Question

A biased coin which comes up heads three times as often as tails is tossed. If it shows heads, a chip is drawn from urn-I which contains-$2$ white chips and $5$ red chips. If the coin comes up tail, a chip is drawn from urn-II which contains $7$ white and $4$ red chips. Given that a red chip was drawn, what is the probability that the coin came up heads?

Answer 1

Let $E_1$ be the event of getting a head and $E_2$ be the event of getting a tail in the biased coin.

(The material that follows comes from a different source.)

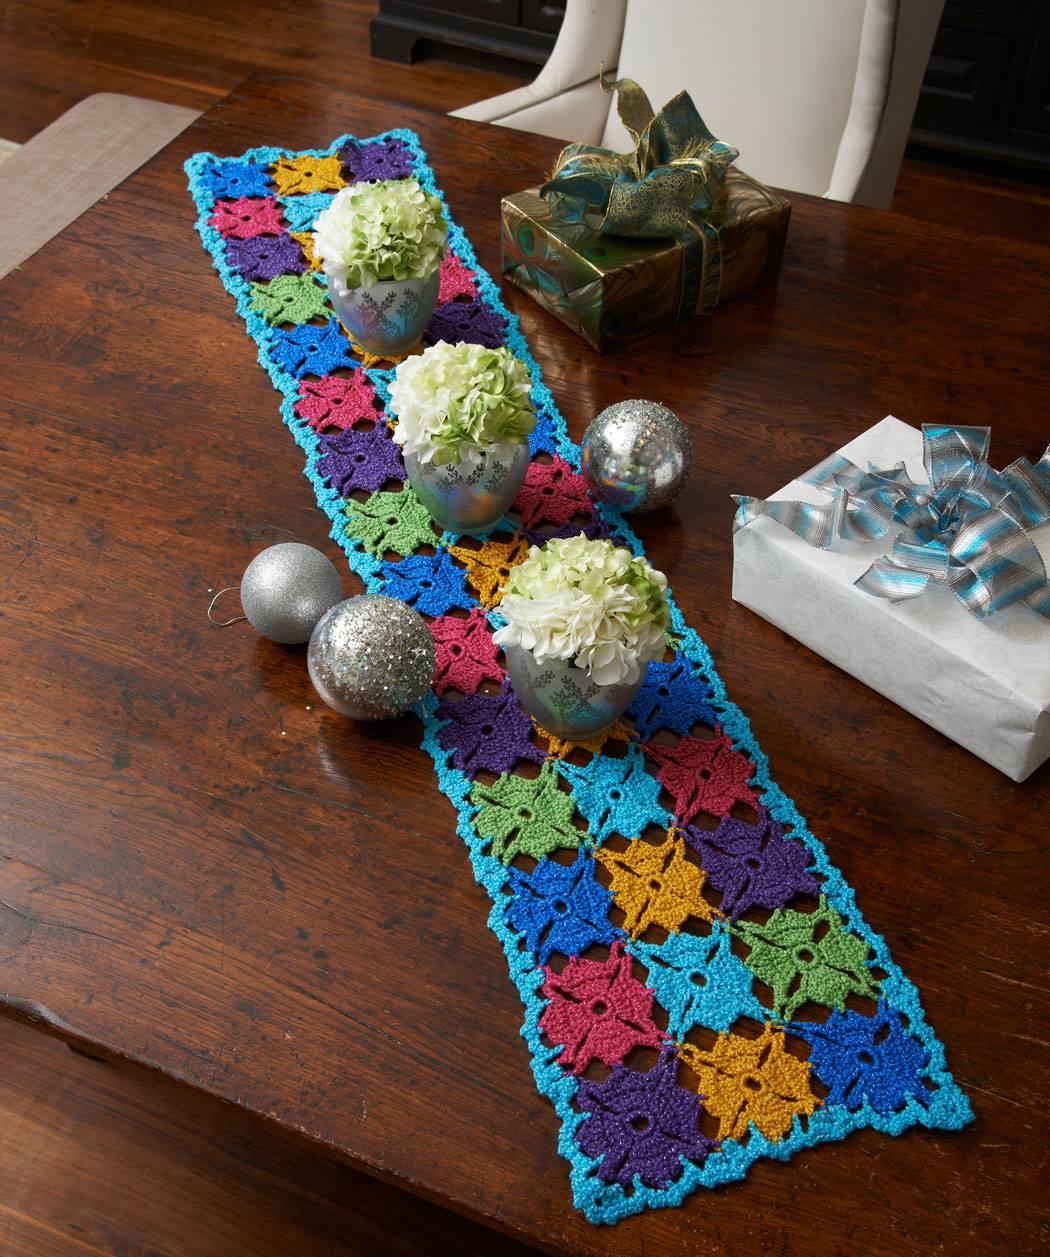 Long blue crochet table runner

If $P\left(X\right)$ is a probability function on event $x.$

$P\left(E_1\right)=3P\left(E_2\right)=3(1-P(E_1\left)\right)$

$\Rightarrow$ $P\left(E_1\right)=\frac{3}{4}$ and $E_2=\frac{1}{4}$

Let $A$ be the event of getting a red chip

$\Rightarrow$ $P\left(\frac{A}{E_1}\right)=\frac{5}{7}$ ( $5$ red chips in a total of $7$ chips )

$\Rightarrow$ $P\left(\frac{A}{E_2}\right)=\frac{4}{11}$ ( $4$ red chips in a total of $11$ chips )

So, according to Baye's theorem,

$\Rightarrow$ $P\left(\frac{E_1}{A}\right)=\frac{P\left(A\right)P\left(\frac{A}{E_1}\right)}{P\left(E_1\right)P\left(\frac{A}{E_1}\right)+P\left(E_2\right)P\left(\frac{A}{E_2}\right)}$

Where, $P\left(\frac{E_1}{A}\right)$ is the probability of getting a heads a red chip was drawn

$=\frac{\frac{3}{4}\times \frac{5}{7}}{\frac{3}{4}\times \frac{5}{7}+\frac{1}{4}\times \frac{4}{11}}$

$=\frac{\frac{15}{28}}{\frac{15}{28}+\frac{1}{11}}$

$=\frac{15\times 11}{15\times 11+28}$

$=\frac{165}{193}$